Meningiomen (uitgaande van het hersenvlies) en gliomen (uitgaande van het steunweefsel rond de zenuwen) zijn de meest voorkomende hersentumoren. Er kunnen ook tumoren aangetroffen worden in de hersenen omdat ze ernaar uitgezaaid zijn vanuit een andere plaats in het lichaam. Dit kan het geval zijn met melkklier/long/prostaattumor, hemangiosarcoom (bloedvattumor), kwaadaardig melanoom (huidtumor), lymfosarcoom (lymfekliertumor). Tumoren kunnen ook van nabij gelegen plaatsen in de hersenen groeien, zoals vb uit de sinussen, neusholten, zenuwen, schildklier en bot.
De meest voorkomende tumoren in de hersenen ten gevolge van uitzaaiing of ingroei zijn hemangiosarcoom (bloedvattumor, 29%), schildkliertumor (25%), lymfosarcoom (lymfekliertumor, 12%), uitzaaiend carcinoom (11%) en ingroeiende neustumoren (6%).
CT-scan waarbij de pijl een gezwel in de hersenen aanwijst
De klinische tekenen variëren en kunnen weergeven wat de tumor in zijn naaste of verre omgeving teweeg brengt.
Aangezien een hersentumor zich op een belangrijke plaats bevindt kunnen hier ook goedaardige tumoren erge gevolgen hebben. Wanneer een goedaardige tumor groeit, zal deze immers meer en meer op het hersenweefsel drukken en zo schade veroorzaken. Dit kan leiden tot ontstekingen en bloedingen.
Het meest voorkomende symptoom van een verstoorde zenuwwerking bij honden met hersentumoren is het plots ontstaan van epilepsie-aanvallen bij honden ouder dan 5 jaar (meer dan 50% van de patiënten), waartussen de hond perfect normaal kan zijn. Ook blindheid is mogelijk. Andere symptomen zijn vager, zoals lusteloosheid en verminderde eetlust. Verdere tekenen kunnen gedragsveranderingen zijn, in cirkels stappen, met het hoofd ergens tegenaan duwen en het negeren van stimuli aan een kant van het hoofd. Deze tekenen evolueren vaak langzaamaan, zo is het mogelijk dat gedragsveranderingen eigenlijk al maanden tot een jaar aanwezig zijn alvorens de diagnose wordt gemaakt. Deze worden vaak onterecht geweten aan ouderdom.
Hersentumoren kunnen op elke leeftijd voorkomen, in elk geslacht en in elk ras. De mediane leeftijd van voorkomen is 9 jaar bij honden (mengiomen meer op oudere leeftijd).
Een hoger risico op ontwikkeling van dit type tumor werd gemeld voor Boxer, Boston Terrier, Franse en Engelse Bulldog, Golden retriever ten opzichte van andere honden. Bij langneuzige honden ziet men eerder meningiomen, bij kortneuzige eerder gliomen.
Aan de hand van de kenmerken van de hond, de voorgeschiedenis en het neurologisch onderzoek kan men reeds een sterk vermoeden hebben van een hersentumor als oorzaak van diens neurologische afwijkingen. Andere oorzaken kunnen echter ook een gelijkaardig beeld opleveren (ontstekingen, degeneratieve aandoeningen). Om zeker te zijn over wat men spreekt is het noodzakelijk om de tumor in beeld te brengen.
Nekpijn en het abnormaal (her)plaatsen van de poten kunnen nagegaan worden op het neurologisch onderzoek.

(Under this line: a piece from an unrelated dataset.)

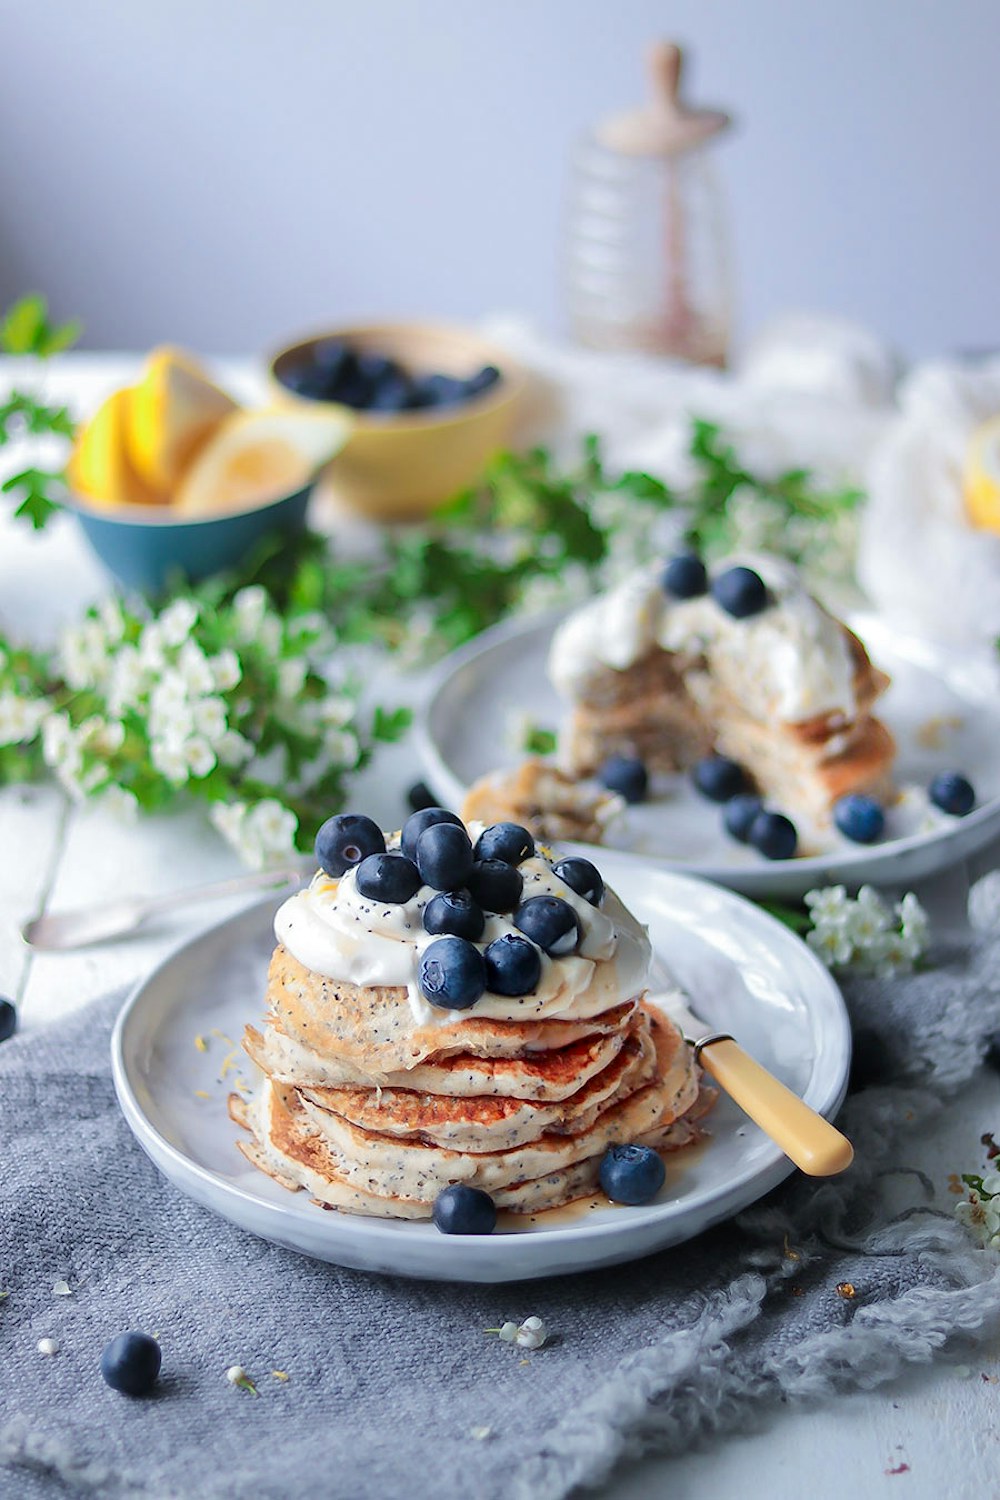 Lemon and Poppy Seed Pancakes with Creamy Cheese and Yogurt Topping

Bloed- en urineonderzoek kunnen weergeven of er problemen zijn met de algemene staat van de hond.
Omdat bij 23% van de honden met hersentumoren er tegelijk tumoren aanwezig zijn die niet gerelateerd zijn aan de hersentumor, wordt aangeraden om een echografie van de buikholte te doen om deze eventueel op te sporen.
Door vanuit verschillende hoeken radiografische longfoto's te maken kan men (indien de tumor voldoende groot is) longuitzaaiingen of een tweede tumor in beeld brengen. In zeldzame gevallen kan ten gevolge van de tumor (meningioma) er een plaatselijke verdikking van het bot of zelfs botafbraak zichtbaar zijn.

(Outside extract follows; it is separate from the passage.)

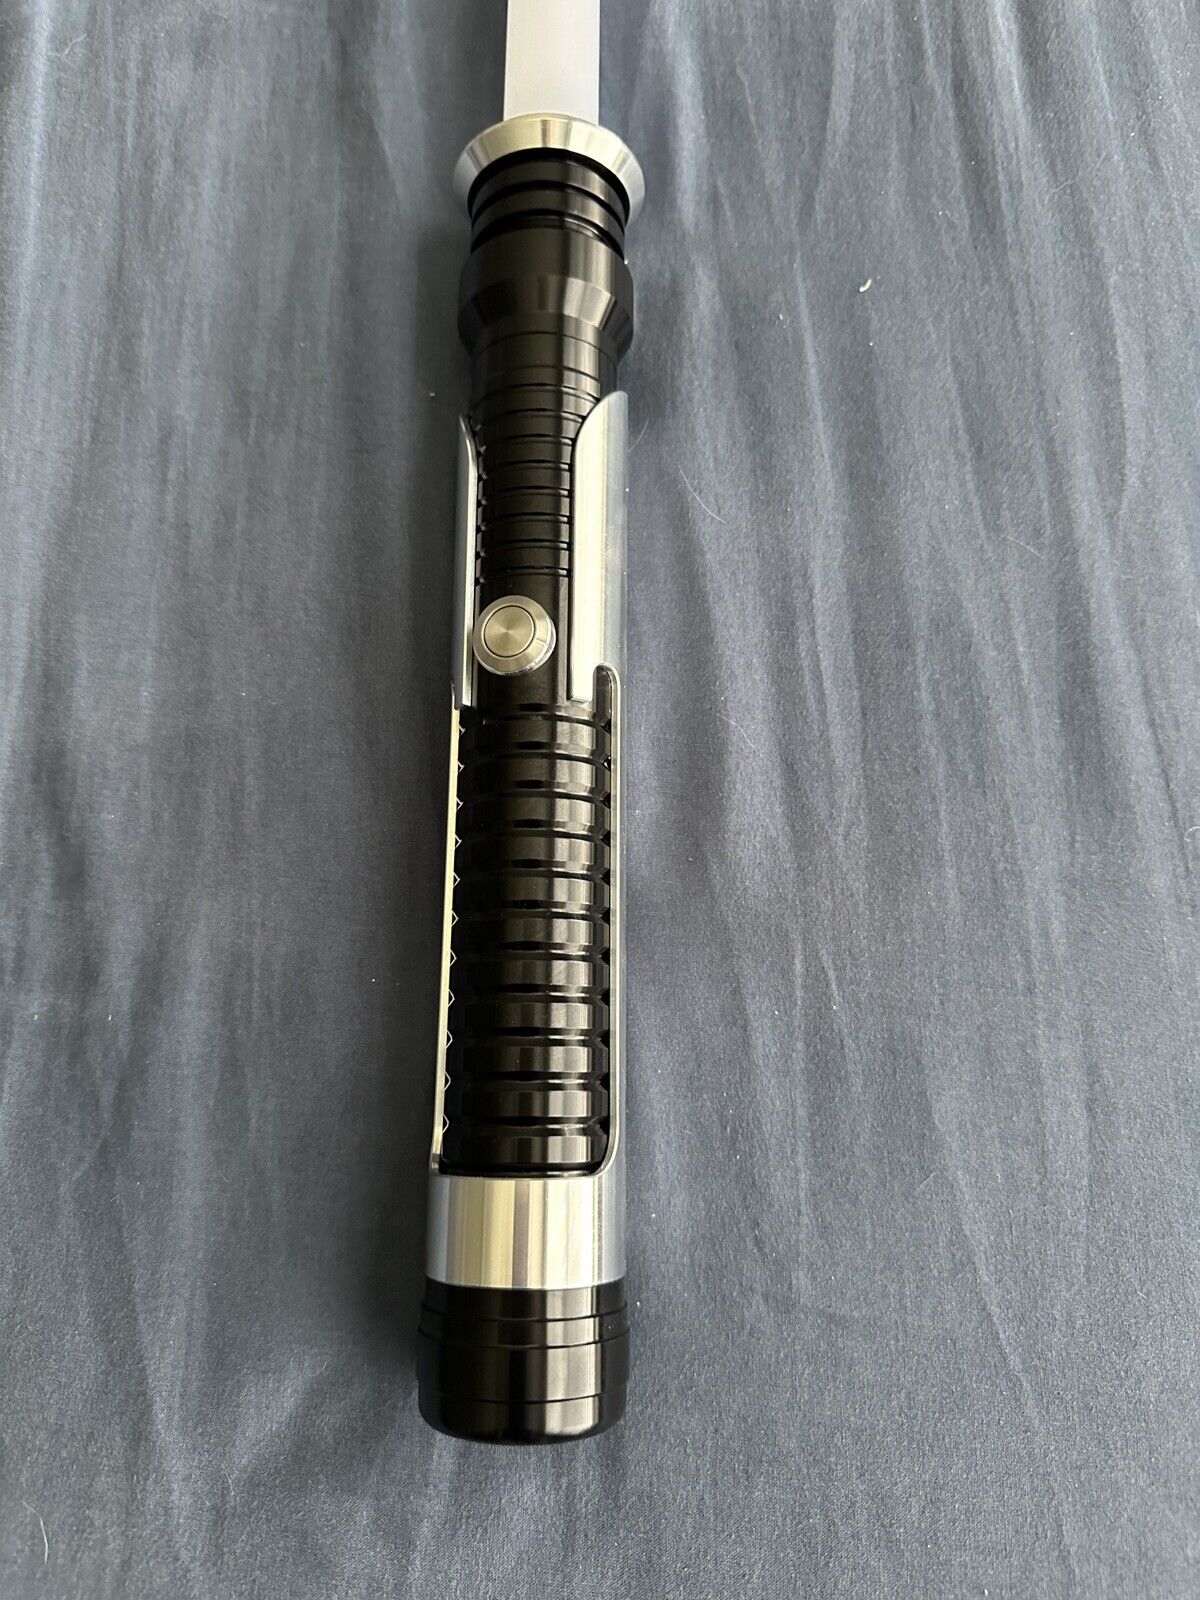 Ultrasabers The Consuler Lightsaber With New Obsidian Sound Qui-Gon Jinn Green

Radiografische foto's van de schedel leveren geen bruikbare informatie op in het geval van hersentumoren.
MRI is de beeldvormingstechniek die de voorkeur wegdraagt om hersentumoren in beeld te brengen. Op deze beelden kan men over het algemeen een onderscheid maken tussen een meningioom en glioom (een meningioom zal eerder het hersenweefsel verplaatsen, uniform contraststof opnemen en heeft een duidelijke aflijning, terwijl een glioom het hersenweefsel eerder zal binnendringen, slecht en niet-uniform contraststof opneemt en vaak geen duidelijke aflijning heeft), al kunnen er afwijkingen op deze regels voorkomen. Via MRI kon men in een studie tot 70% van de hersentumortypes voorspellen, definitieve diagnose is mogelijk via een staal (deze kan genomen worden nadat men heel precies bepaalt waar het staal kan genomen worden).

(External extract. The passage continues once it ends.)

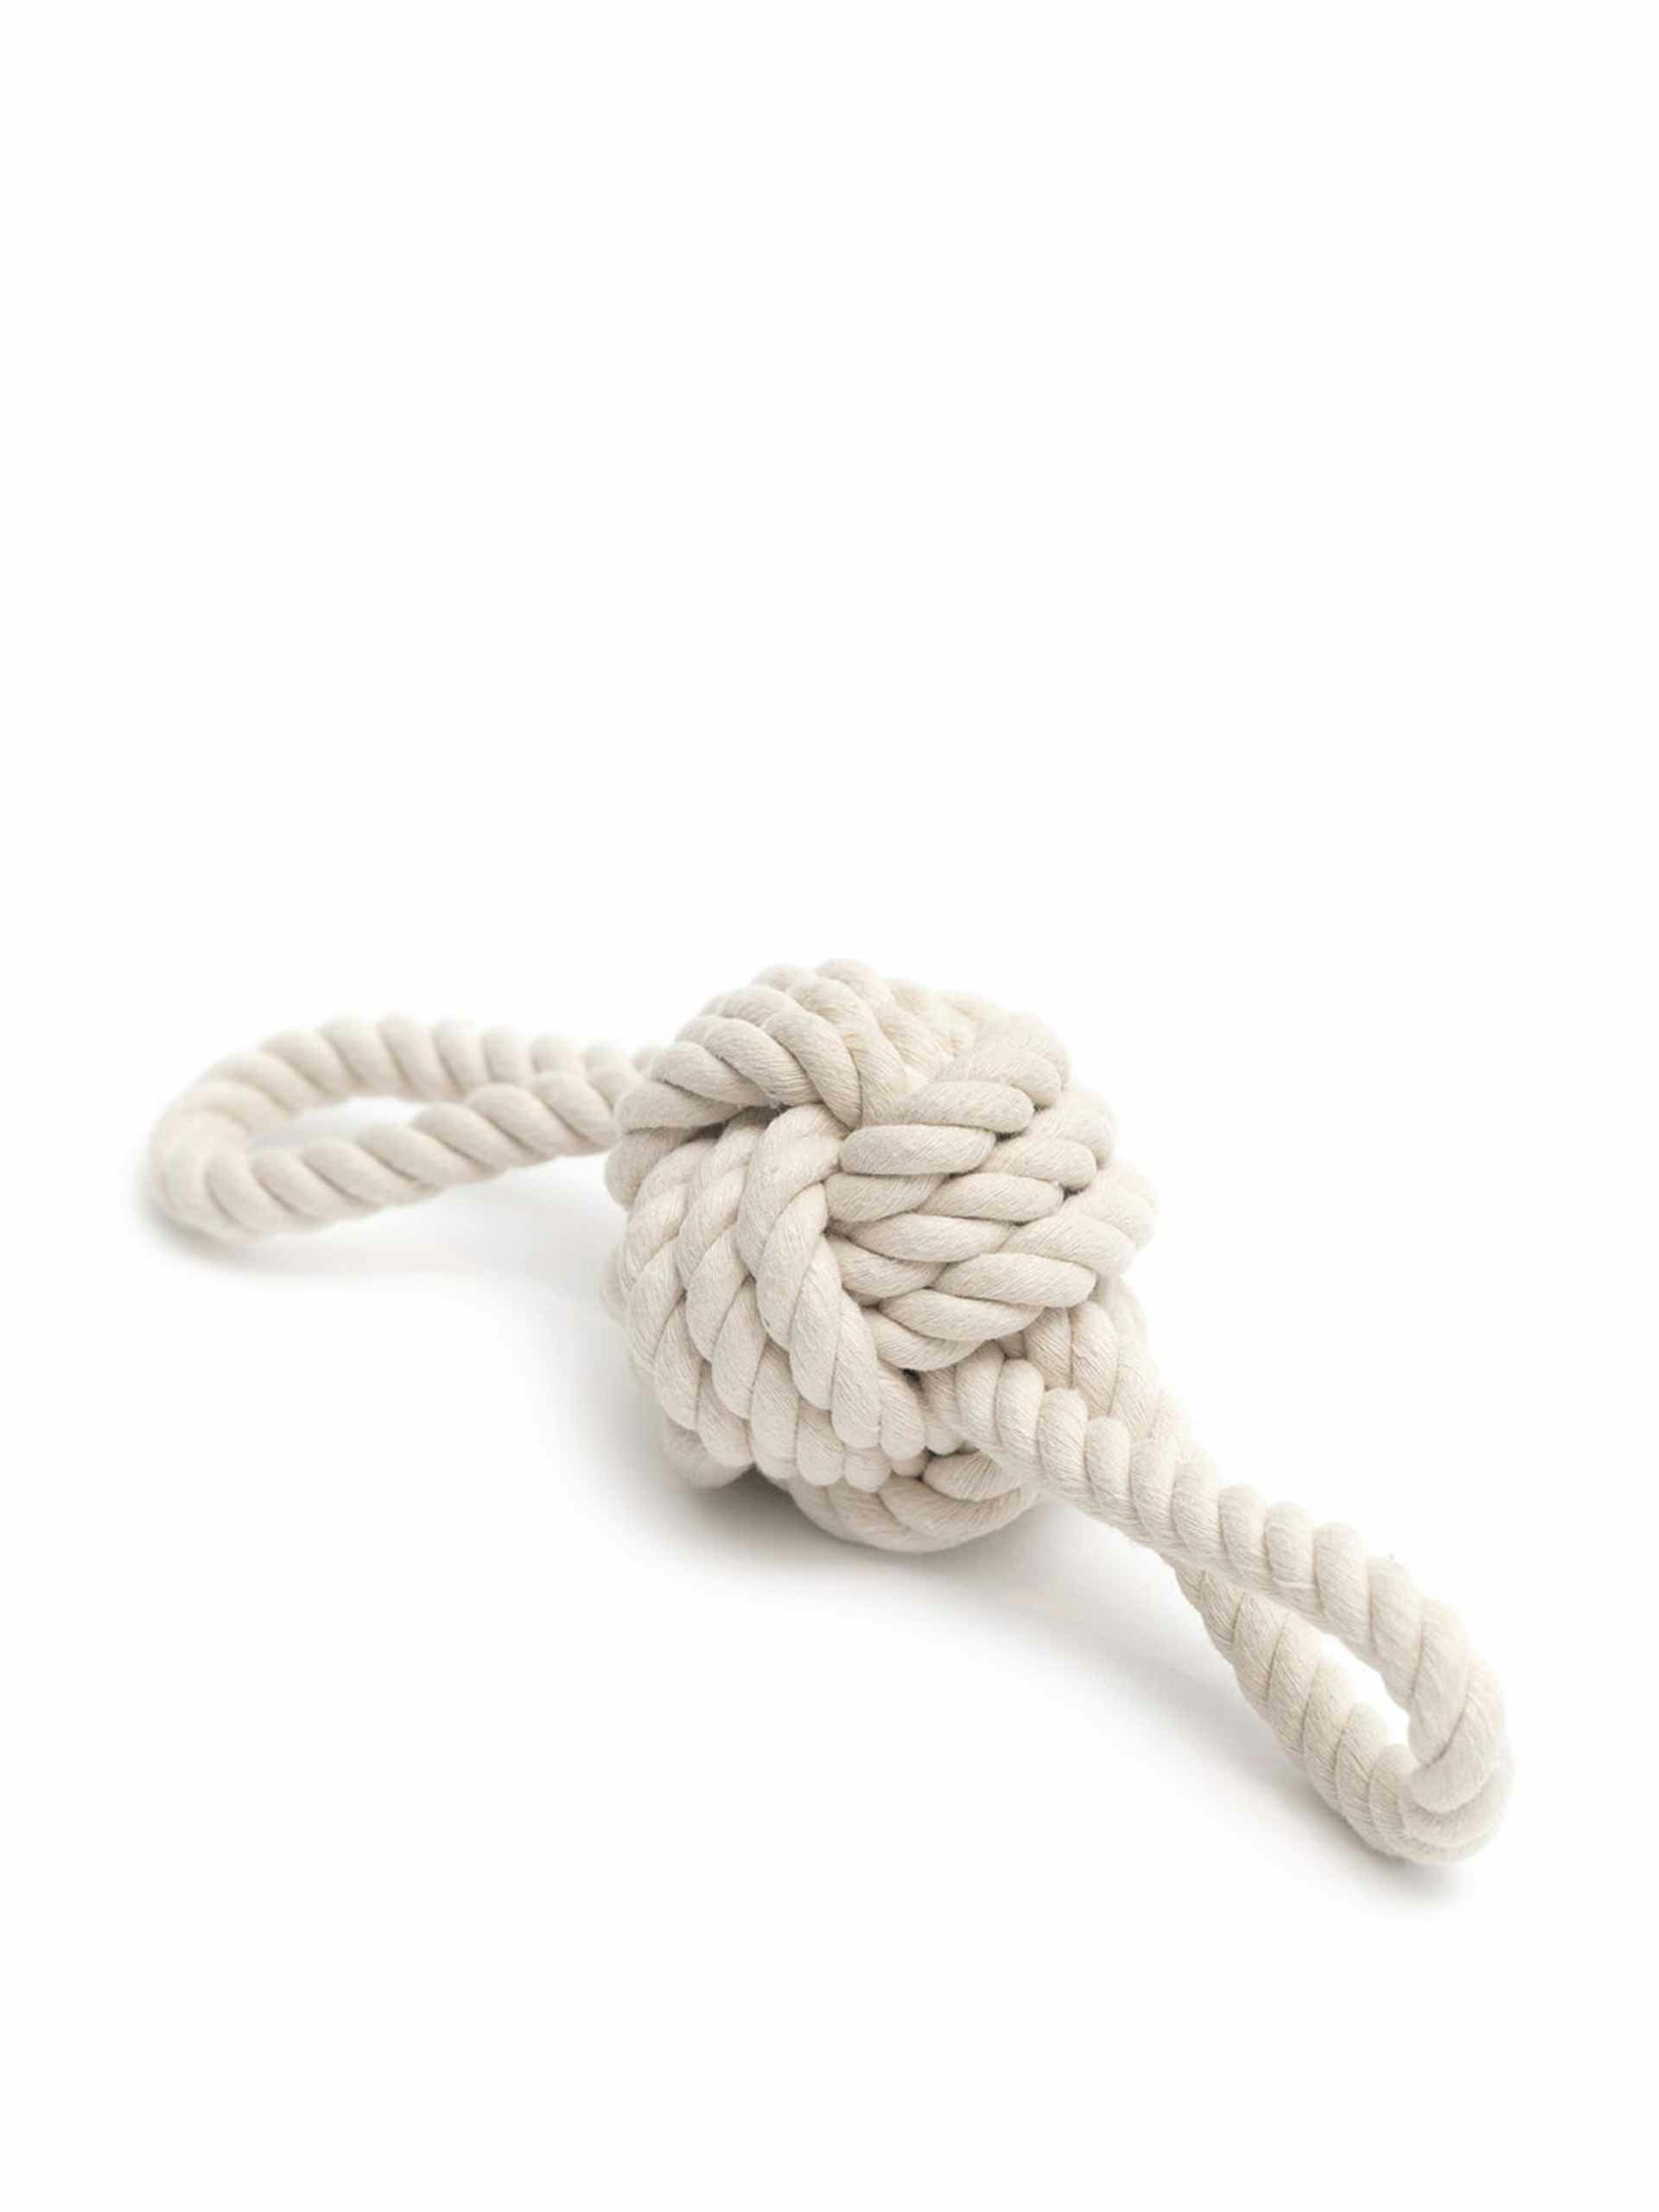 Small rope tug dog toy

Het is nog niet duidelijk hoeveel zin het heeft om hersenvocht te onderzoeken bij honden met hersentumoren. Het hersenvocht is vaak abnormaal, maar er kan geen specifieke informatie over tumoren uit afgeleid worden. Indien een tumor van hersenbloedvaten (choroid plexus tumor) aanwezig is kan men via hersenvocht een aanwijzing krijgen of deze goed- of kwaadaardig is. Beeldvorming (MRI) wordt steeds aangeraden alvorens een hersenvochtonderzoek te doen omdat dit onderzoek een risico kan inhouden. Indien er een verhoogde druk is binnen de schedel kan het aanprikken van het hersenvocht een plotselinge drukdaling veroorzaken welke een verplaatsing van een deel van de hersenen en zelfs sterfte tot gevolg kan hebben.
Afhankelijk van de plaats en type van de tumor kan deze al dan niet gemakkelijk verwijderd worden (bij meningiomen zijn de cortex en kleine hersenen bereikbaarder dan de hersenstam, gliomen zijn moeilijker te verwijderen dan meningiomen), al is het niet altijd eenvoudig om dit te voorspellen en is het ondermeer afhankelijk van hoezeer deze tumor andere weefsels binnendringt. Na het operatief verwijderen van de tumor wordt steeds aangeraden om een bijkomende behandeling uit te voeren zoals bestraling.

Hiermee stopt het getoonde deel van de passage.